_WHAT THE TASK ASKS_
What you write must be the listing below in full, word for word, minus its pictures.

--- MATERIAL PROVIDED Enclosed Below ---

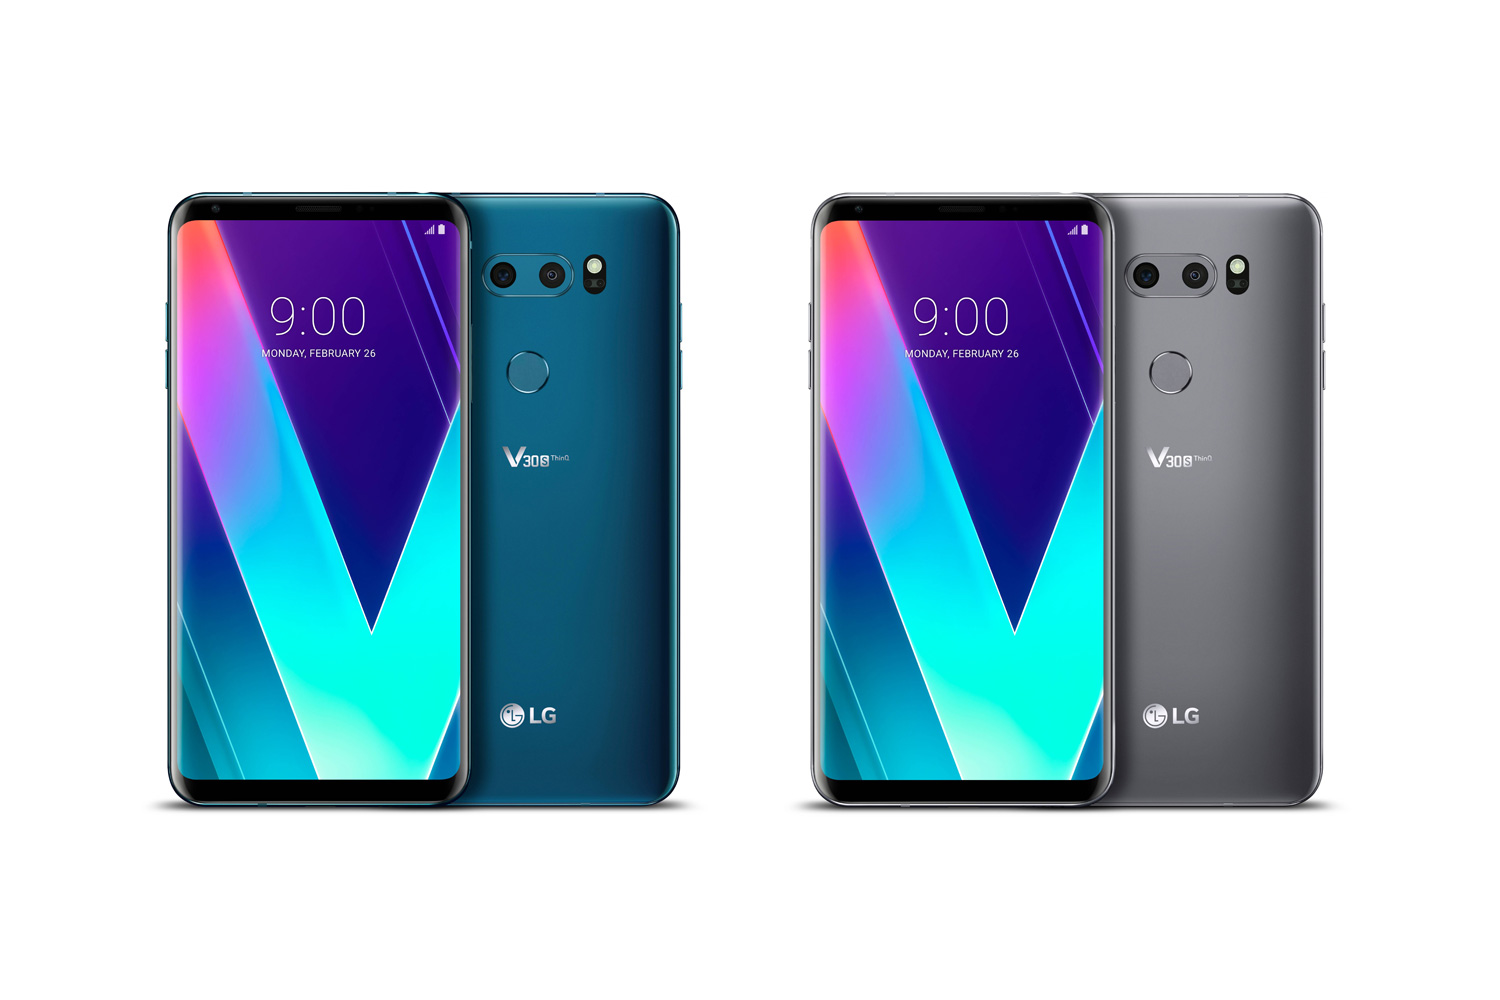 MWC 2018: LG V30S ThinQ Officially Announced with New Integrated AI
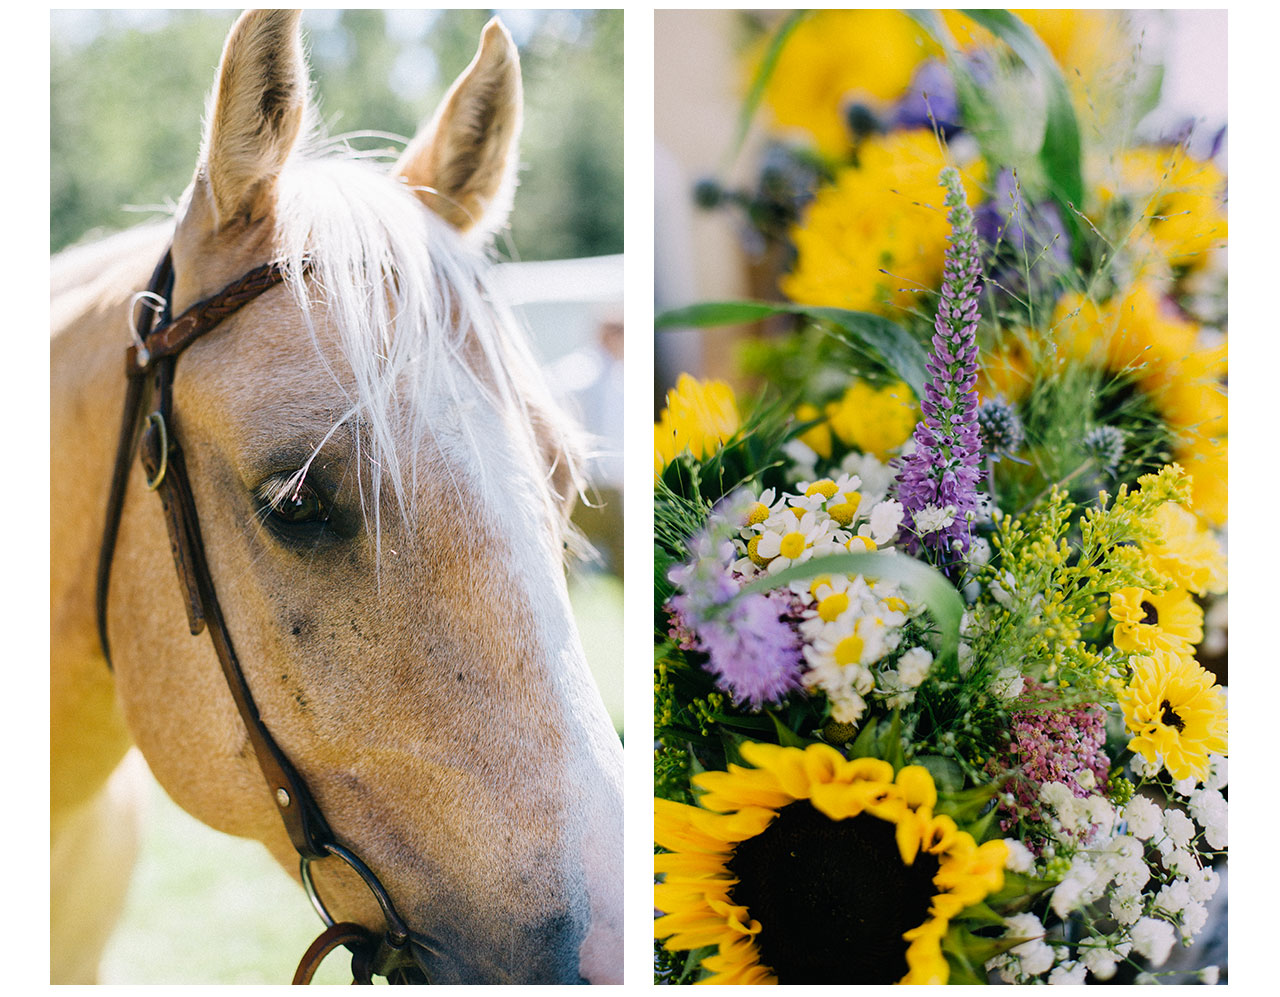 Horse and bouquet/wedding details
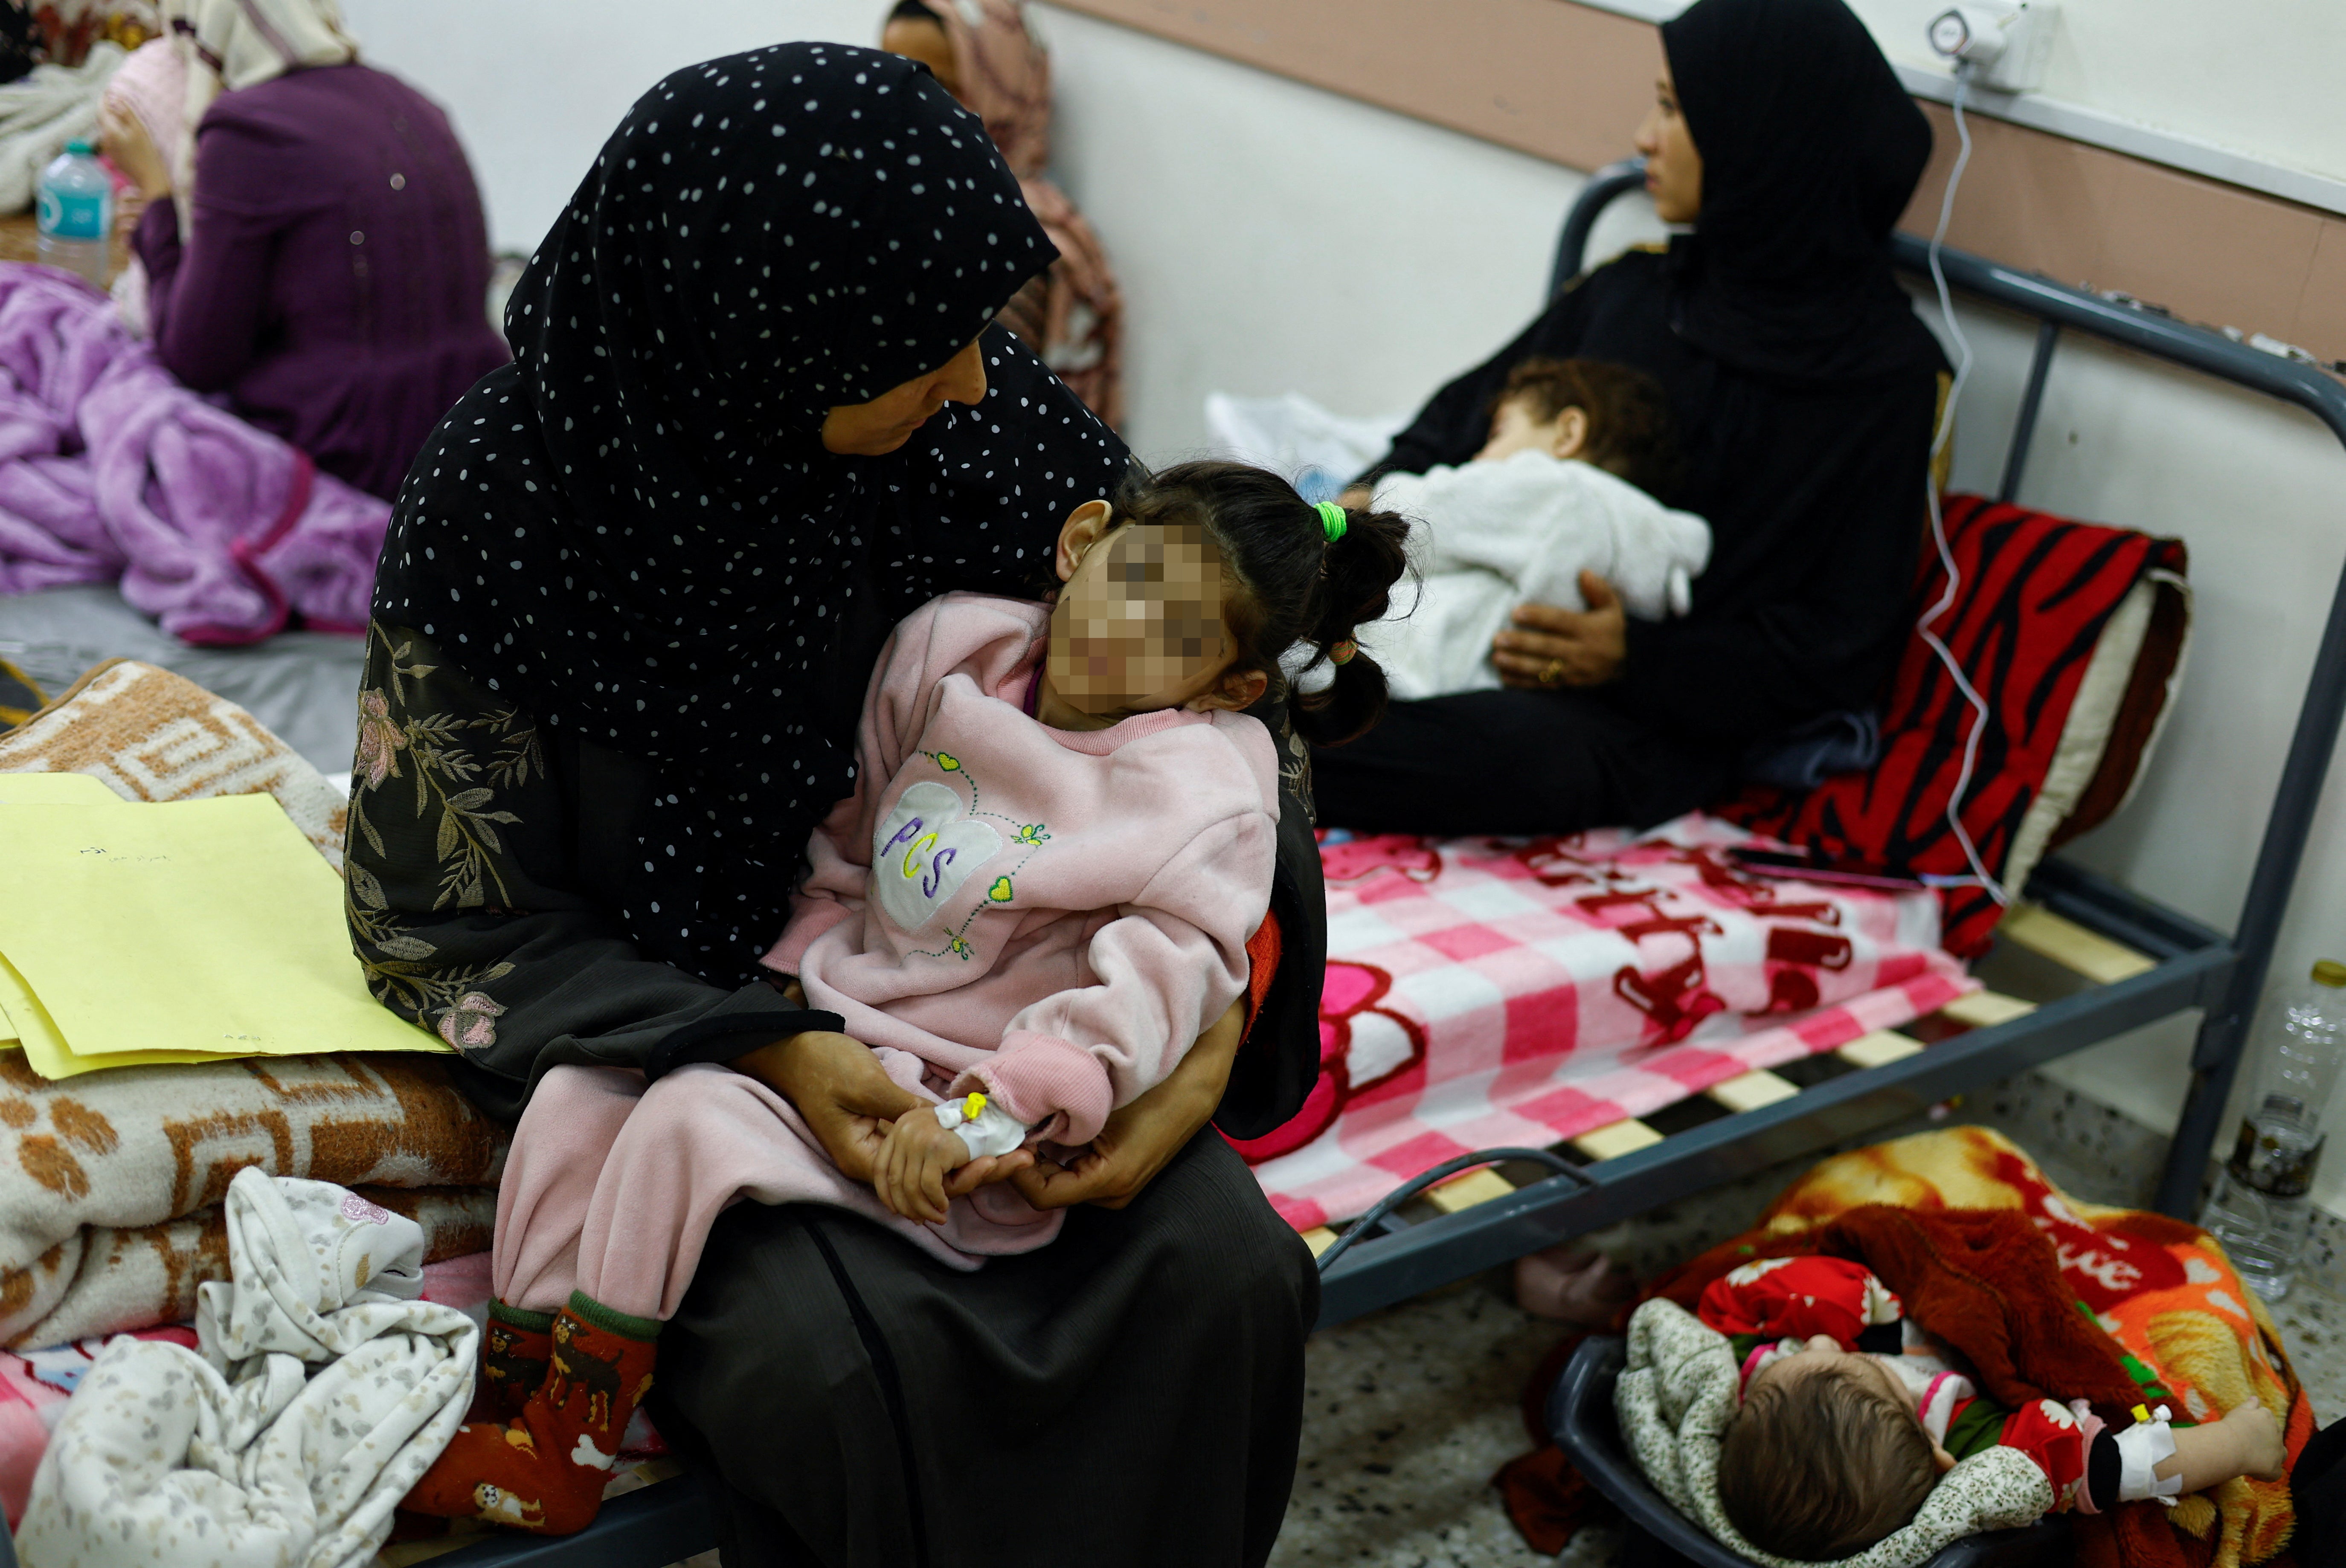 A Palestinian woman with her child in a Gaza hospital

--- End of Enclosed MATERIAL PROVIDED ---

_TASK RESPONSE_
 MWC 2018: LG V30S ThinQ Officially Announced with New Integrated AI
 Horse and bouquet/wedding details
 A Palestinian woman with her child in a Gaza hospital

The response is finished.